Mrs. Mary continued to share her games and home with us. She and Mr. Taylor had always made us feel so smart because they'd listen to our stories for hours and hours, even though the news was on or they were trying to read the newspaper or trying to catch a nap. They made time for us, and it made all the difference in our childhood.

A few years past Mr. Taylor's death, Mrs. Mary's health began to slump. She simply wasn't able to do as much as she had done with us before, but thankfully, we had grown a little older and understood the situation. Still, it hurt to see someone that we loved so much and equated with our own childhood become ill or suffer from everyday signs of aging.

Mrs. Mary moved to the nursing home in Linden a few years ago. Although her health was still relatively good for someone her age (you have to understand the emphasis these two put on heart health, etc.), she was slowly fading. Her mind, once very strong, had become quite weak, and it seemed to change so much about her.

Our visits were often brief, as she eventually napped (or took a siesta, as Mr. Taylor would say) most of the time. But it was okay with me. She may not have even known who I was, or even who she was, but the memories I replayed over each visit brought me joy. Other residents or nurses would often ask if I was her granddaughter, and I'd always respond that she was like a grandmother to me, but that she was just a long-time friend and next-door-neighbor.

Some time last year, another visitor asked the same question, and before I could respond, Mrs. Mary muttered to her, "I knew her when she was very, very, very, very young." For someone who didn't say much at all and didn't seem to be alert much at all anymore, she had made a statement that warmed my heart more than anything she'd ever said to me. I won't question the logic behind her answer, but that day, it made me feel for just a moment that she knew me again and that she remembered the years we shared at her home next to mine.
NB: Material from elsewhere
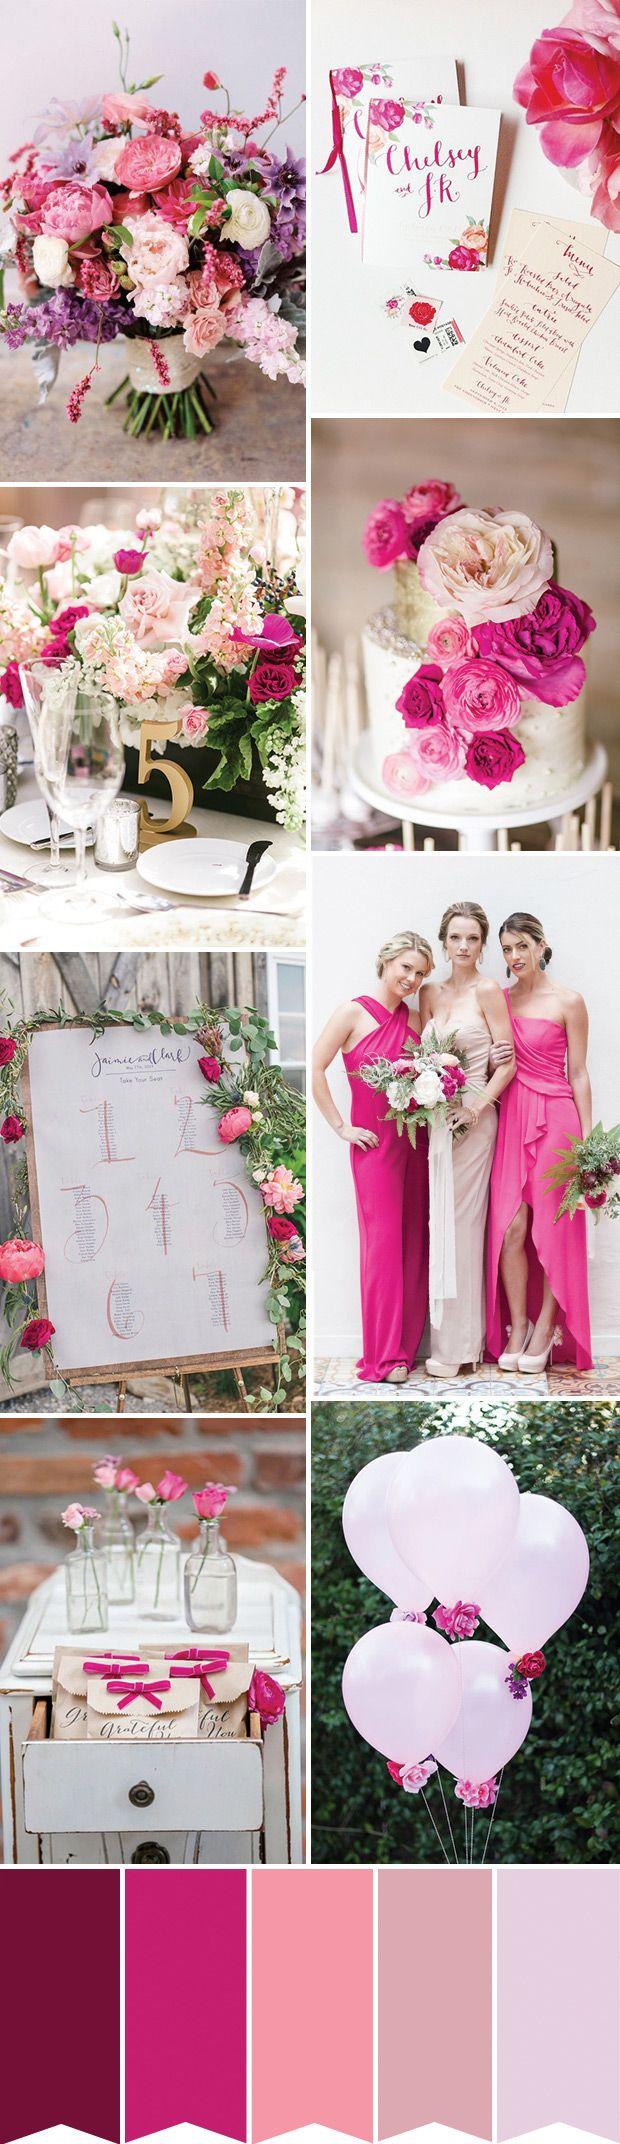 Pretty Pink Wedding Inspiration | www.onefabday.com
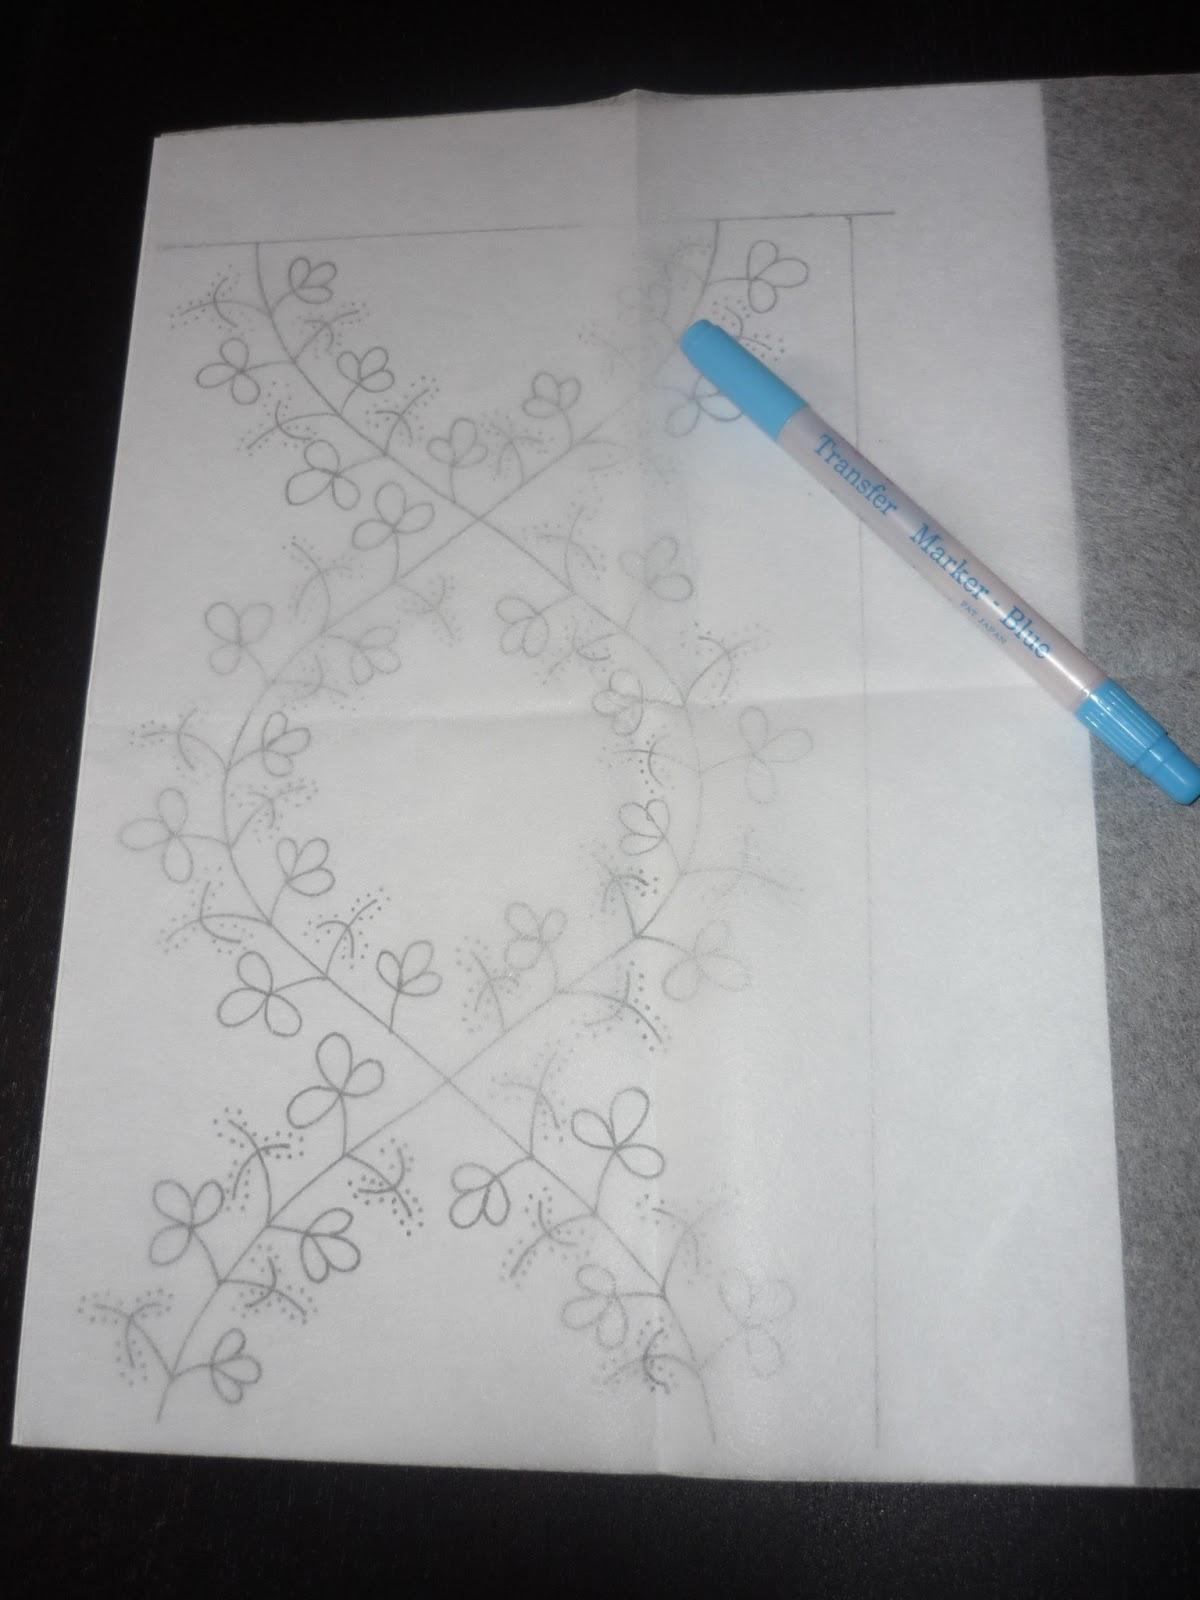 Coser y Coser Patchwork: Como utilizar papel para transferir dibujos.

On another instance, I pushed her wheelchair to a square table where two others were sitting, and turned to Mrs. Mary asking if she wanted to play cards like we used to. Again, I'll remind you that she didn't talk much, and it was often impossible to decipher. One of the other ladies asked if we played fun card games like "Go Fish" and "Old Maid." I told her we did. Mrs. Mary must have been listening.

"Odie Maid," she said.

"Old Maid, it's a card game, Mary," the lady said.

Actually, we played "Odie Maid." It was a set of Garfield cards, and Odie, the dog, was dressed as an old maid. What a touching moment and a precious memory to recall.

Perhaps my favorite moment shared with Mrs. Mary during her stay in Linden was around Christmas in 2009. Our conversations were usually identical, and mostly one-sided, as I updated her on happenings around Jefferson. She stared blankly at me one day, and it broke my heart to not know if she understood or not or that she might want to respond but couldn't.

"I sure am glad to see you today, Mrs. Mary!"

Tilting her head, she glared back at me.


"Because I like visiting with you. It makes me happy!"

The split second that followed was priceless:
"Hahaha!" she laughed as a smile wrapped around her face. Then it was gone.
It was brief, but again, it felt good to see.

My last visit with Mrs. Mary was a few days ago. She was up a little past her evening bedtime. The nurse said I could push her back to her room to visit. We slowly strolled to Wing B 102. We sat for a while, just me and the person that so influenced me every day of my childhood. Her breath was weak. Her body was tired. Her hands were feeble. And dry. I found a bottle of cocoa butter in her bathroom and rubbed it on her hands and aged arms. You see, this visit was so much like the others, yet it was so different. There was a sense of urgency mixed with a stronger sense of peace. Her soft hair was as neat as ever. She sat calmly sleeping in her chair, her ankles crossed in front of her. Twenty-three years of friendship would be coming to an end soon, and I knew it.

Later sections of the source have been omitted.